It has been months since the Katherine community received any official updates on the town's PFAS contamination.
The Katherine PFAS Community Consultation Group, set up within the Office of the Chief Minister in 2017, "to provide a mechanism for two-way communication with the community" has been little heard of.
A former group member told us there had been many resignations from the group and it had "failed to find a voice" locally.
The Katherine Times has been told the group now only has a handful of members, few from the community.
"Even when it was meeting no-one knew anything about it, they were surprised when I told them there was such a thing," the former member, who did not want to be identified, said.
The Department of Defence's last community update was in November last year with the release of the environmental investigation report.
The department's "regional representative" who was sent to Katherine to "provide support to the community" has gone.
"This representative was engaged to assist in the implementation of the Katherine Rainwater Tank Program, which resulted in the installation of tanks on 68 properties in Katherine.
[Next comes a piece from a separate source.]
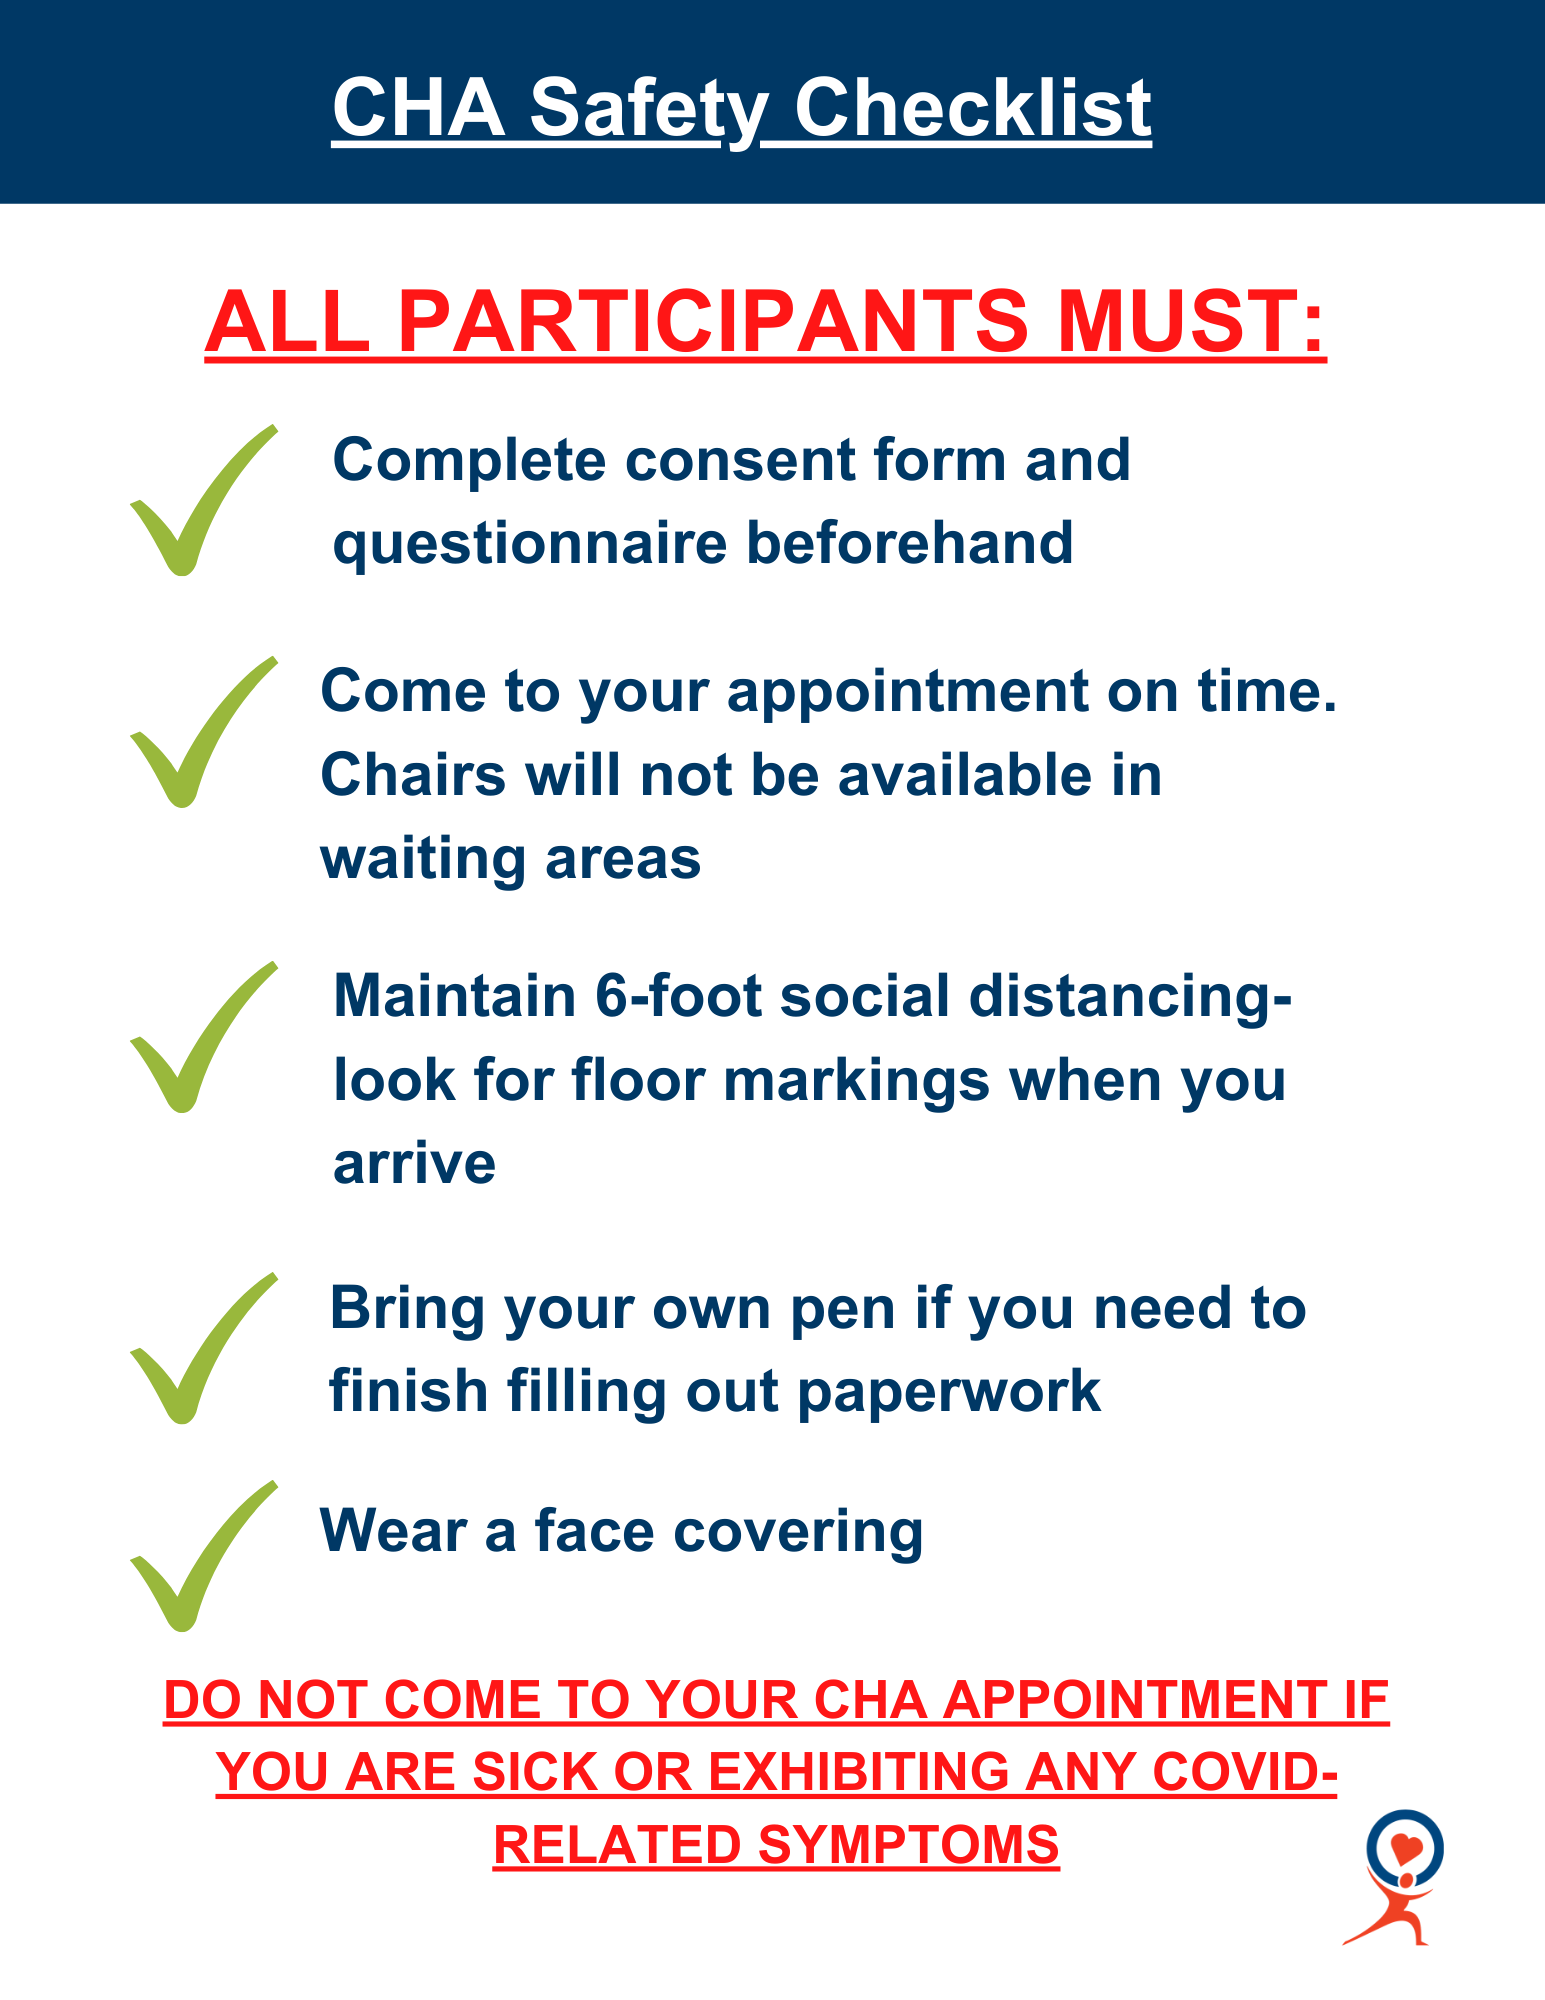 CHA Safety Checklist (1)

The representative was a local point of contact for community organisations addressing PFAS issues within the Katherine community," a defence spokesman said today.
Defence said it had now " transitioned" its regional representative arrangement to a "locally engaged representative".
"This local Defence Representative is available to provide information and support to the community as required," the spokesman said.
"The local Defence Representative regularly visits Katherine residents to address PFAS related matters and concerns.
"The local Defence Representative can be reached through the Investigation Information Line on 1800 316 813 or via PFAS.RAAFBaseTindal@coffey.com"
The Katherine Times has asked Defence to further identify the "local representative" who is regularly visiting residents, as it says.
Defence today said it intends to provide a newsletter to the Katherine community in the near future and would conduct a "community engagement event in the second quarter of 2019".
The little known community group comprised members of Katherine Town Council, Defence, Chamber of Commerce, Power and Water, and five community members.
"The KPCCG will help with the timely sharing of the latest information relating to PFAS and receiving community specific information first hand from community representatives," the group's operating instructions read.
The group's last agenda, on checking earlier this week, was from June 2018.
"Our team in Katherine has been working with the council to rectify the problems you raised," a spokeswoman from the Office of the Chief Minister said today.
The spokeswoman said the council now has all agendas and minutes on their website. You can find them here.
Katherine Times understands there was a meeting of some members in November last year who agreed the group needed a new direction.
An advertisement was placed in the Katherine Times this week asking for new members to join.
The voluntary blood testing program in Katherine ends on April 30.
The Federal Health Department said 600 residents had already taken the blood tests.